Bu cümlelerin karşılığında ise sayın Cumhurbaşkanı Recep Tayyip Erdoğan’ın da Bahçeli için;
- “Irkçılık yaptınız, kavmiyetçilik yaptınız, kabilecilik yaptınız, şeytani olan anlayışa hizmet ettiniz”,
- “Evlenmemiş te olabilirsin ayrı bir mesele ama sen ailenin kadri kıymetini bilmezsin”,
- “Bu adam siyasette çırak bile olamadı ve olamayacak ta”,
- “ Genelkurmay başkanımızın atılacak tırnağının bir paresi dahi olamazsın”,
- “Ağzından salyalar akıyor”,
- “Ey Bahçeli sana da sesleniyorum, bildim bileli o koltukta oturuyorsun hiçbir işe yaramadın ya”,
- “Gerçekten acınacak bir hali var”,
gibi hiç te devlet terbiyesine yakışmayan bir üslupla hakaret ettiğini izledik ve dinledik.
“Doğumunun 100. Yılında Başbuğ Alparslan Türkeş 3. Türk Gençlik Çalıştayı ve Kurultayı”nda kapanış konuşmasını yaptığı Sayın Bahçeli’ye rahmetli Başbuğ Alparslan Türkeş’in ülkücülüğün temeline koyduğu 9 ışık doktrininde 6. ilke olan Hürriyetçilik ve Şahsiyetçilik, ilkesini hatırlatmak isterim.

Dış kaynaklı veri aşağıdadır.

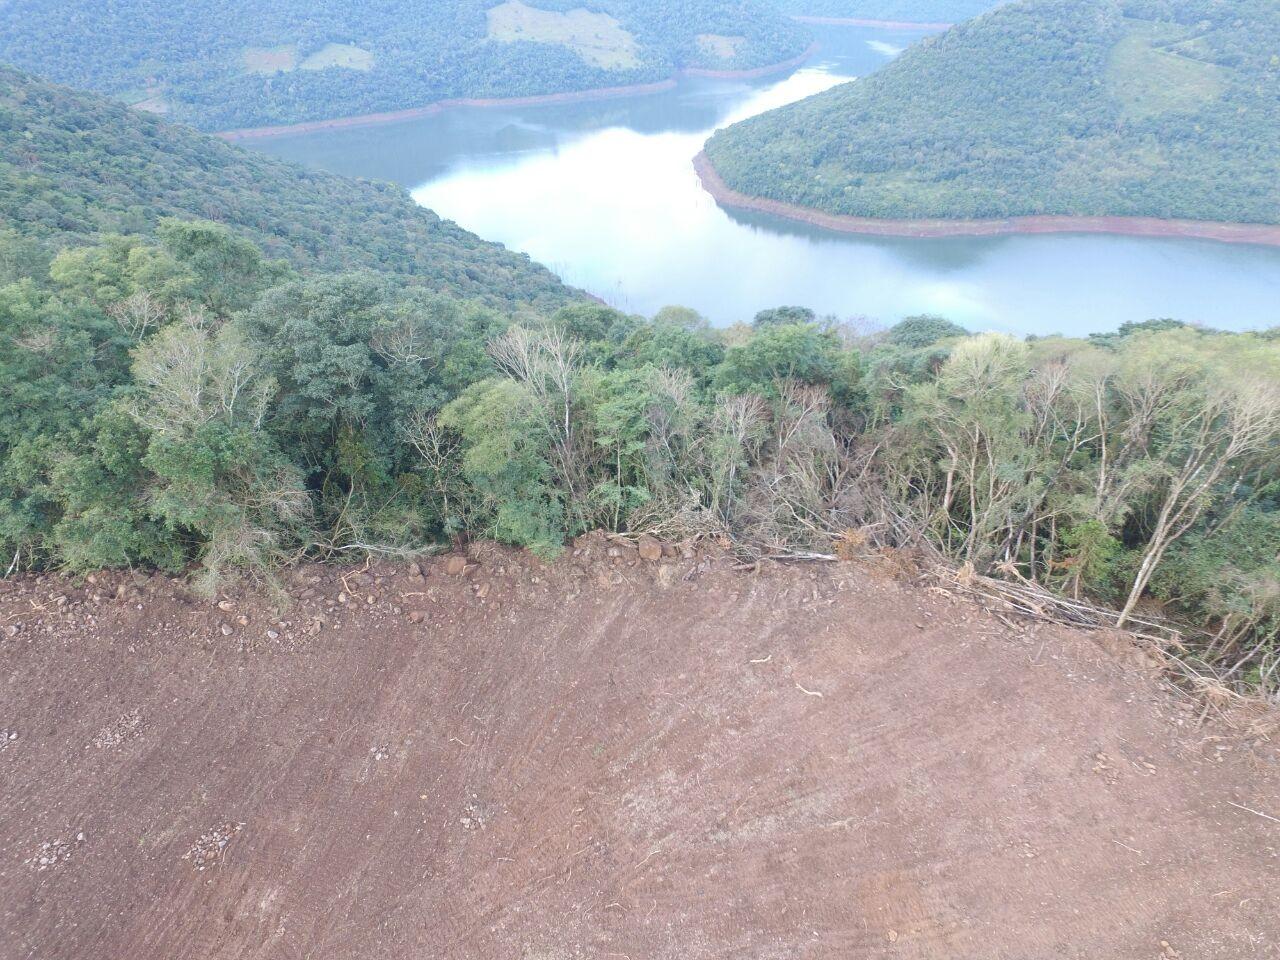 Desmatamento da Mata Atlântica em Alagoas cresce 2.243%, aponta pesquisa

Konuşmada dikkatimi çeken diğer bir konuda isim vermeden İYİ Parti Genel Başkanı Sayın Meral Akşener’e yaptığı göndermeydi.
Bahçeli; “Güneşe bakmaya cesareti olmayan, ama güneş iddiasında bulunanlar, gölgede kalmaya, gölgeyi ışık sanmaya mahkûmdur. Ve bunlarla hesabımız acıklı olacaktır” diyordu bu göndermesinde.
Diyordu demesine de asıl acıklı ve acınacak halde kendisinin olduğunu bilmiyordu galiba.
Nitekim yapılan anketler ve toplumdaki tepkilere göre baraj altına düşürdüğü MHP ve şimdilerde omuz omuza yol yürüdüğü Cumhurbaşkanı Recep Tayyip Erdoğan dahi kimin acınacak bir halde olduğunu ve kimi acıklı bir son beklediğini çok net bir şekilde ortaya koyuyor.